DATA BLOCK »
——

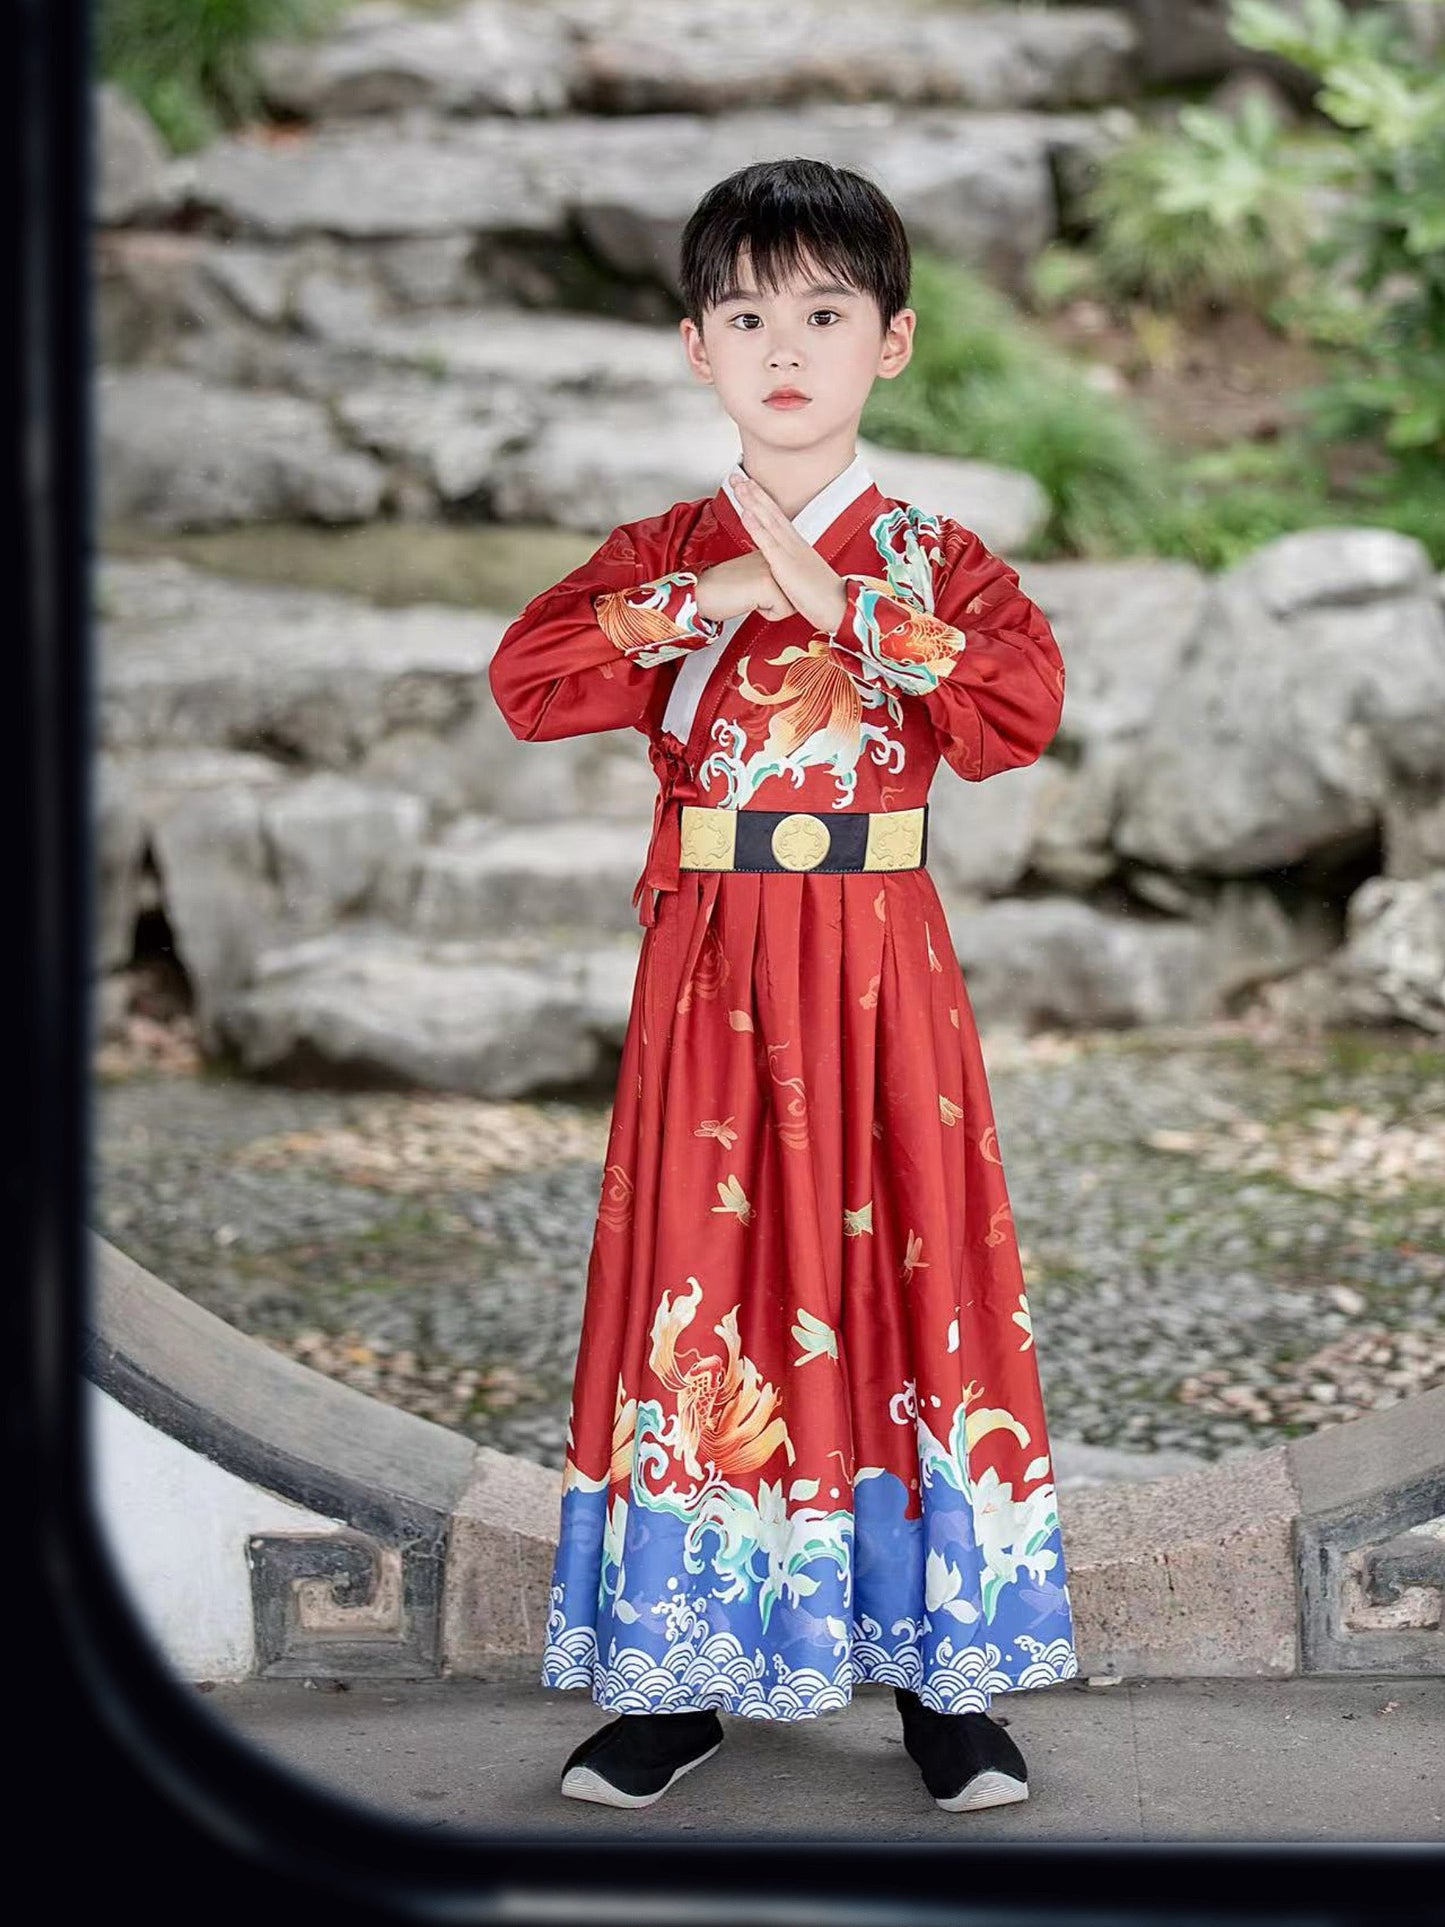 PreOrder: Lunar Fish Elegance: Vibrant Red Hanfu for Kids - Tang Dynasty Scholar Attire for Cultural Studies
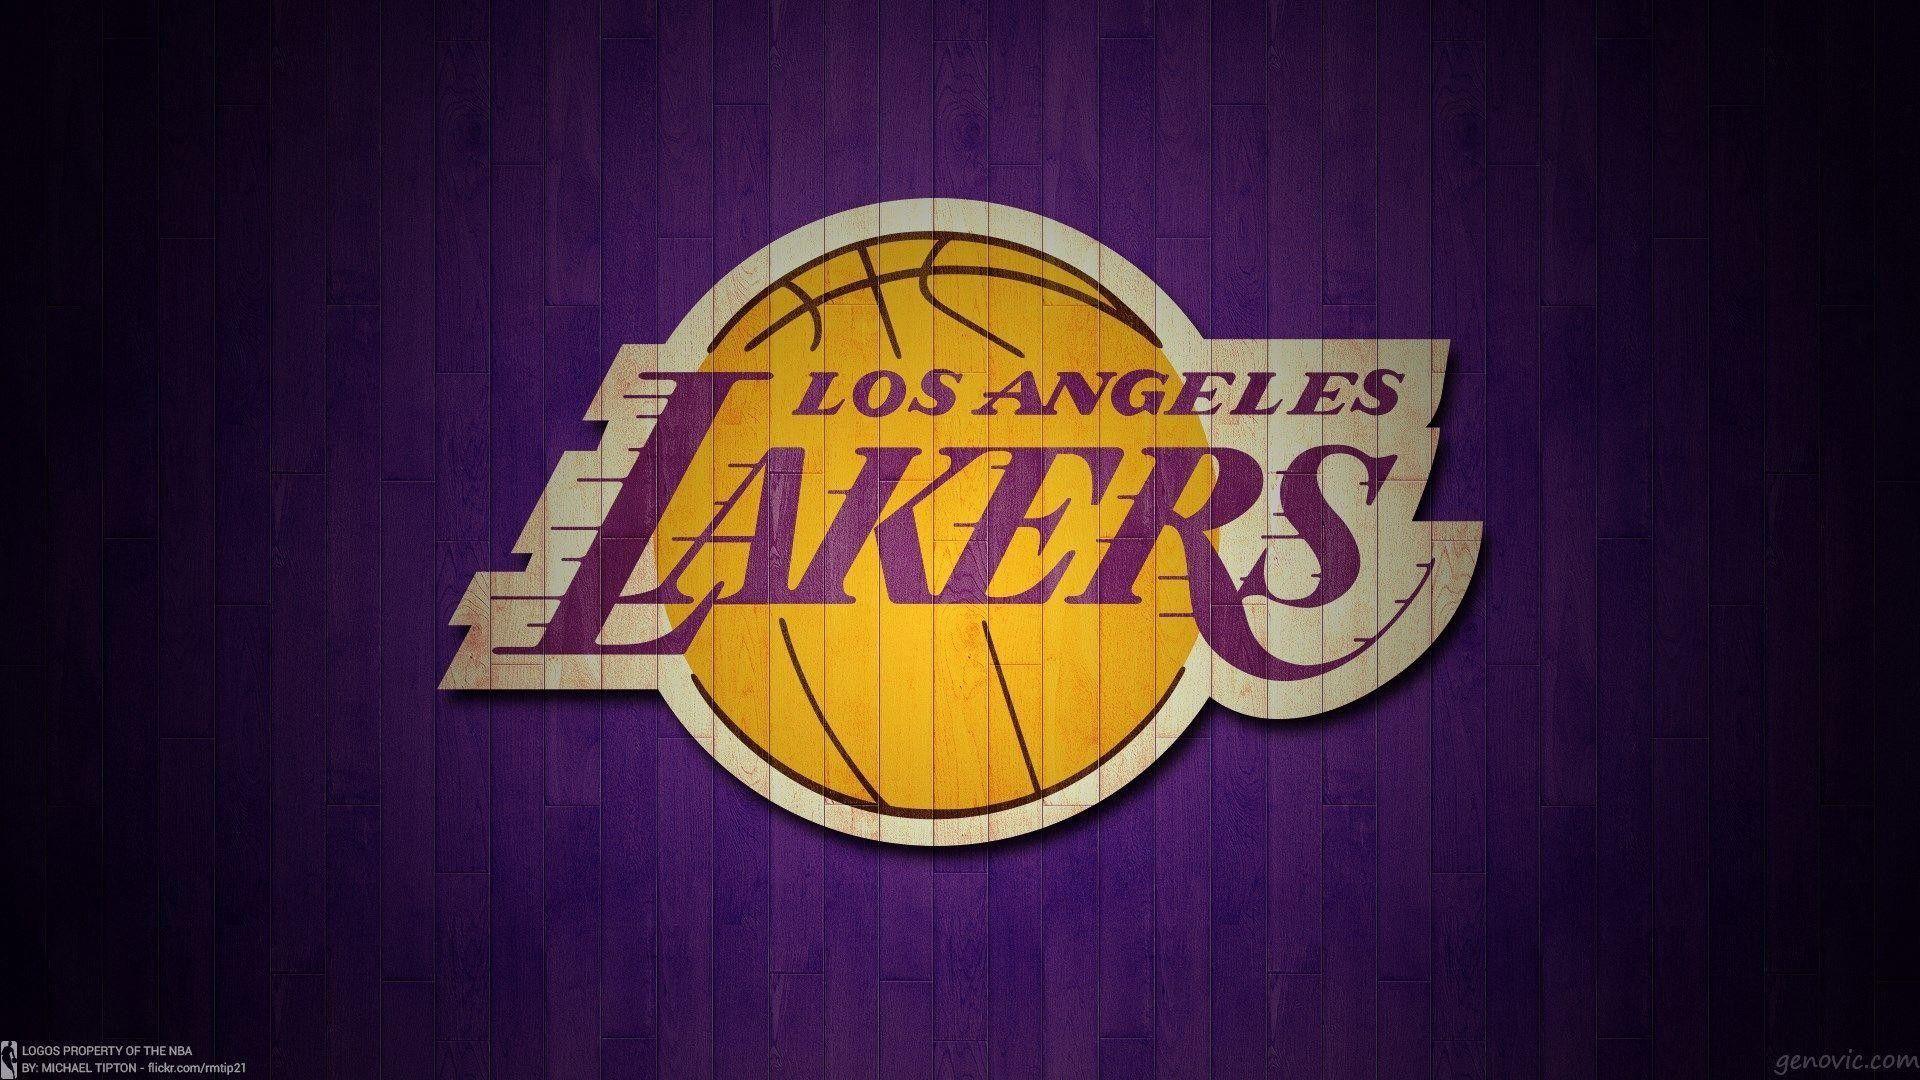 Los Angeles Lakers Wallpapers - Top
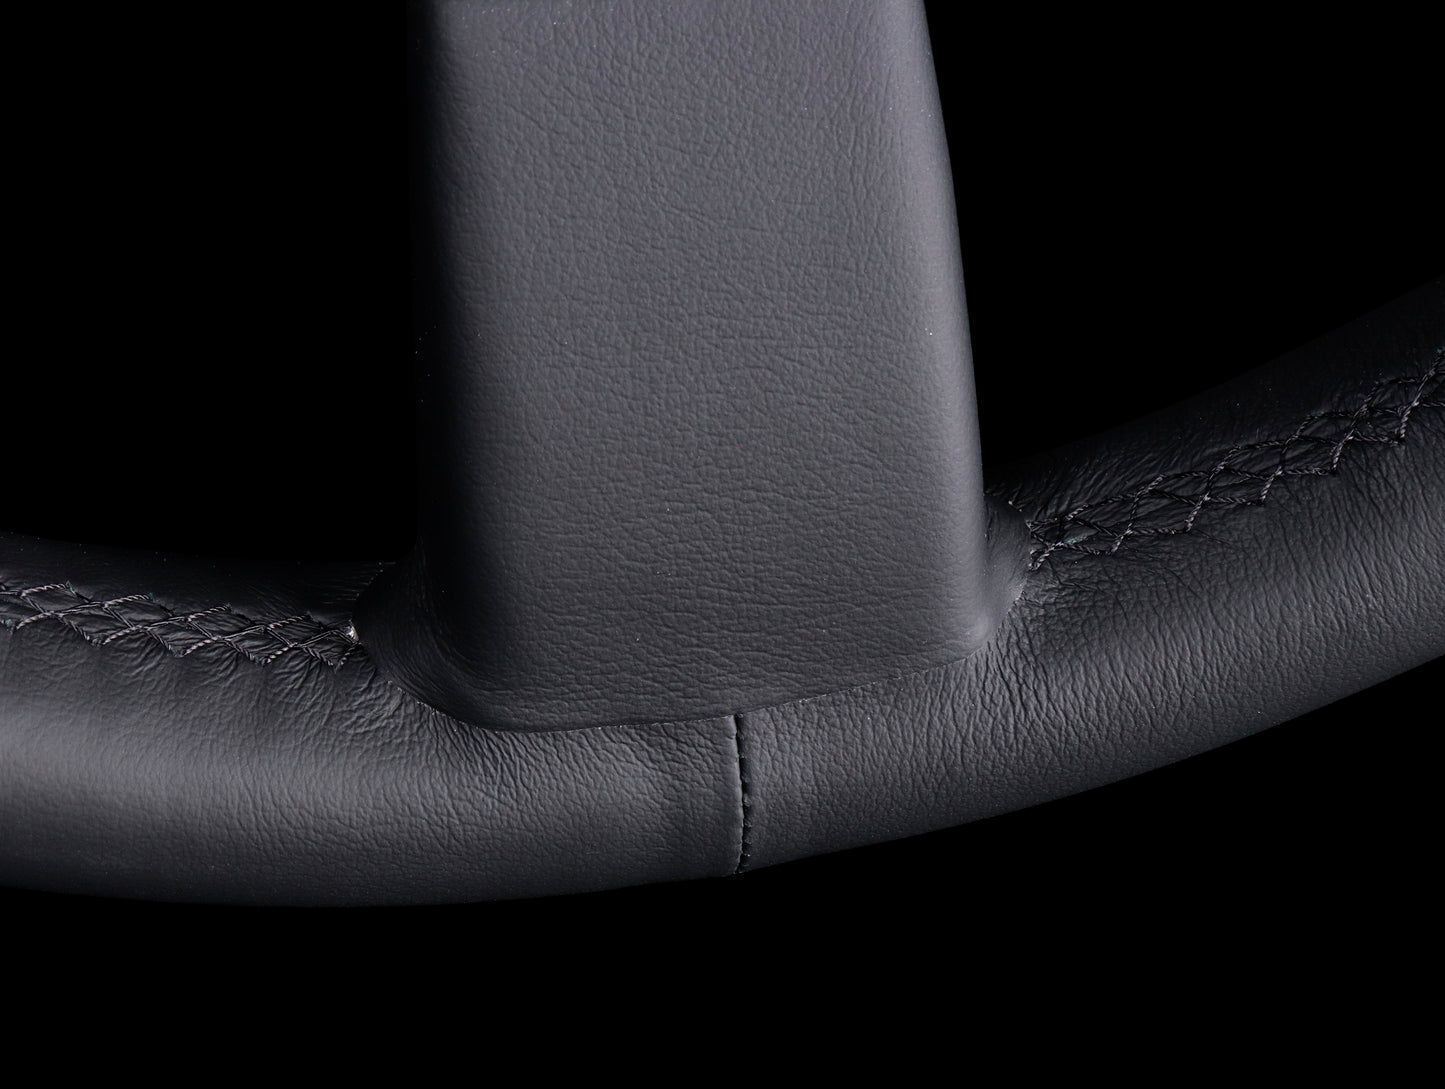 Personal Grinta 350mm Steering Wheel - Black Edition / Leather

——

Write down the full listing above exactly as it is, except for any images.

 PreOrder: Lunar Fish Elegance: Vibrant Red Hanfu for Kids - Tang Dynasty Scholar Attire for Cultural Studies
 Los Angeles Lakers Wallpapers - Top
 Personal Grinta 350mm Steering Wheel - Black Edition / Leather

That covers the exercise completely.